BeanPostProcessor tells Spring to do some processing after initialization beans.

BeanPostProcessor is interface which defines callback methods, with these methods we can tell Spring to do some processing after initialization of beans. This allows you to add some custom logic before and after spring bean creation.


You need to configure, your own BeanPostProcessor in spring.xml (you can configure same BeanPostProcessor multiple times)
< bean class = "com.test.MyBeanPostProcessor" / >

When you implement BeanPostProcessor, you need to override postProcessBeforeInitialization() and postProcessAfterInitialization() methods:

public class MyBeanPostProcessor implements BeanPostProcessor {
public Object postProcessBeforeInitialization(Object bean, String beanName)
    throws BeansException {
return bean; // you can return any other object as well
}

public Object postProcessAfterInitialization(Object bean, String beanName)
    throws BeansException {
return bean; // you can return any other object as well
}

 } 
We can configure multiple BeanPostProcessor interfaces and we can control the order in which these BeanPostProcessor interfaces execute by setting the order property provided the BeanPostProcessor implements the Ordered interface.

When you implement Ordered, you need to override getOrder() method:
@Override
public int getOrder() {
    return 1;
}


The BeanPostProcessors operate on bean (or object) instances, which means that the Spring IoC container instantiates a bean instance and then BeanPostProcessor interfaces do their work.

An ApplicationContext automatically detects any beans that are defined with the implementation of the BeanPostProcessor interface and registers these beans as postprocessors, to be then called appropriately by the container upon bean creation.
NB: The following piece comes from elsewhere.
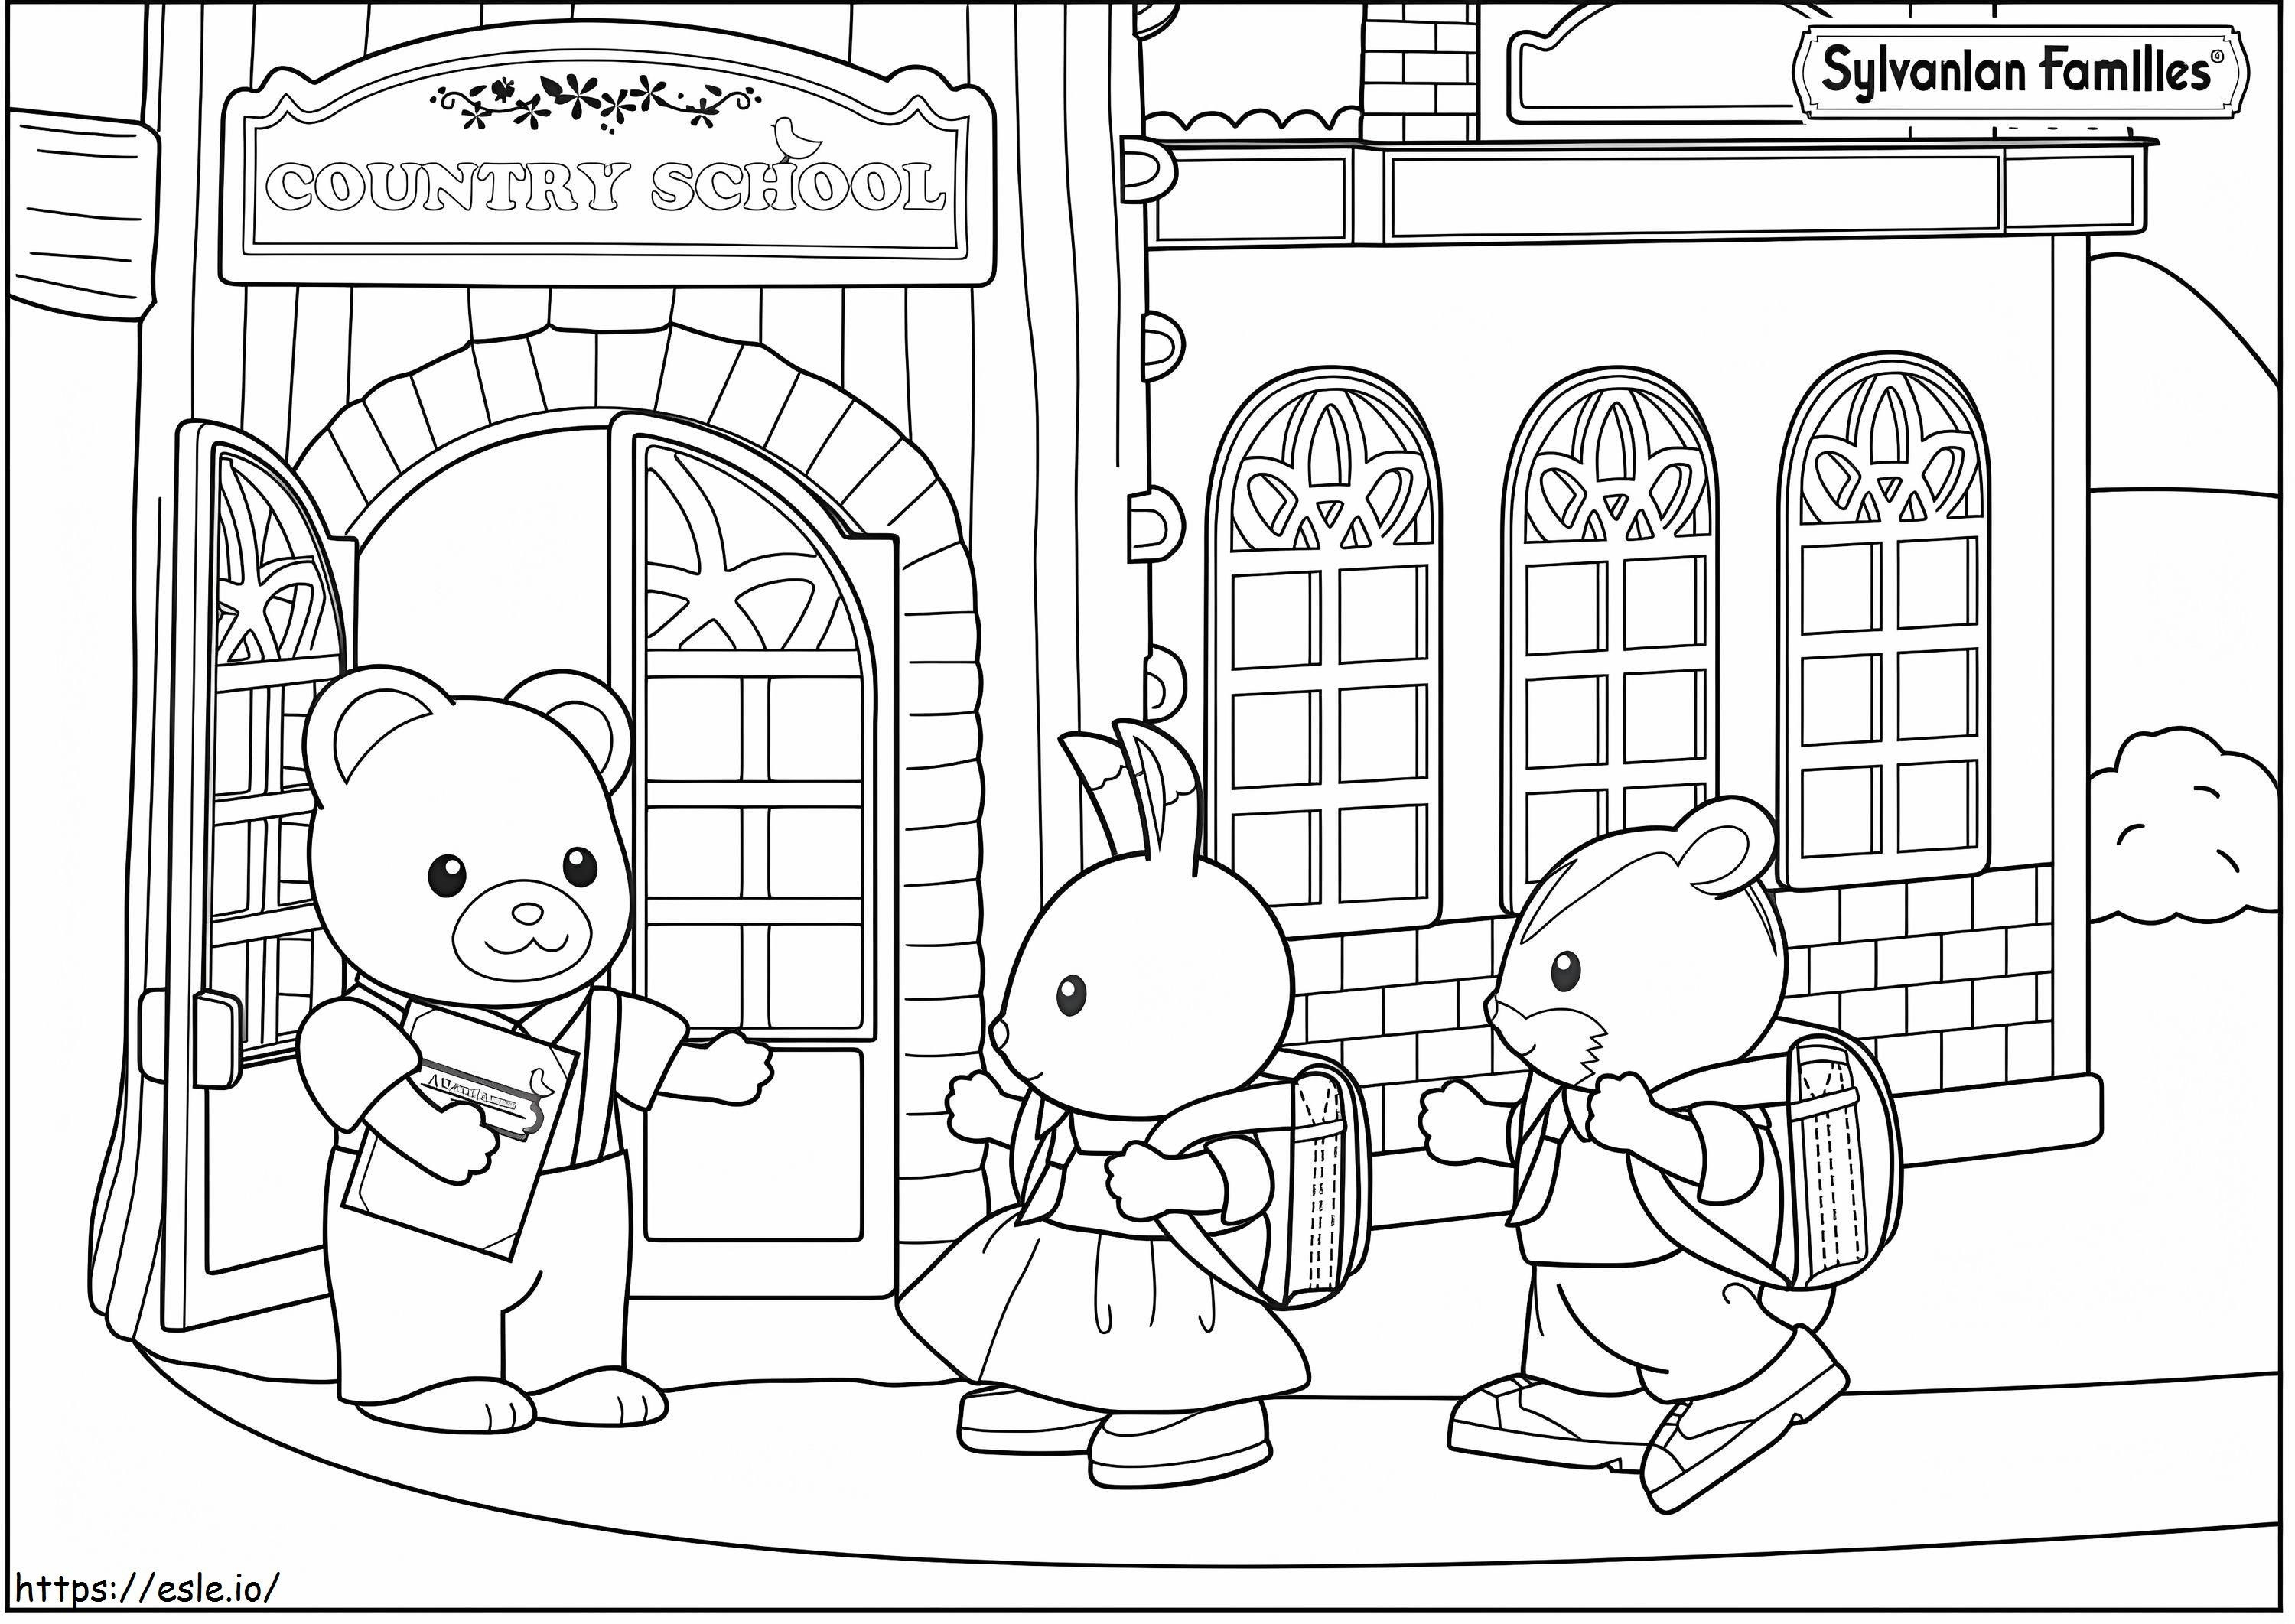 Sylvanian Families 19 coloring page

public static void main(String[] args) {
AbstractApplicationContext  context=new ClassPathXmlApplicationContext("beanPostProcessorSpring.xml");
    Traingle traingle3=(Traingle)context.getBean("traingle");
    traingle3.draw();
    context.registerShutdownHook();
}


We need to register a shutdown hook registerShutdownHook() method that is declared on the AbstractApplicationContext class. This will ensures a graceful shutdown and calls the relevant destroy methods.

BeanFactoryPostProcessor: When BeanPostProcessor is registered as a post-processor with the BeanFactory, for each bean instance that is created by the BeanFactory, the post-processor will get a callback from the BeanFactory before any initialization methods (afterPropertiesSet and any declared init method) are called, and also afterwords.

But with BeanFactoryPostProcessor, you can apply changes of some sort to an entire BeanFactory, after it has been constructed.

You need to Override postProcessBeanFactory() method when you implement BeanFactoryPostProcessor interface.

@Override
public void postProcessBeanFactory(ConfigurableListableBeanFactory arg0)
    throws BeansException {
    System.out.println("postProcessBeanFactory is called..");       
}


BeanFactoryPostProcessor need to be configured in spring.xml in a similar way we have configured BeanPostProcessor,
< bean class = "com.test.MyBeanFactoryPostProcessor" / >

-K Himaanshu Shuklaa..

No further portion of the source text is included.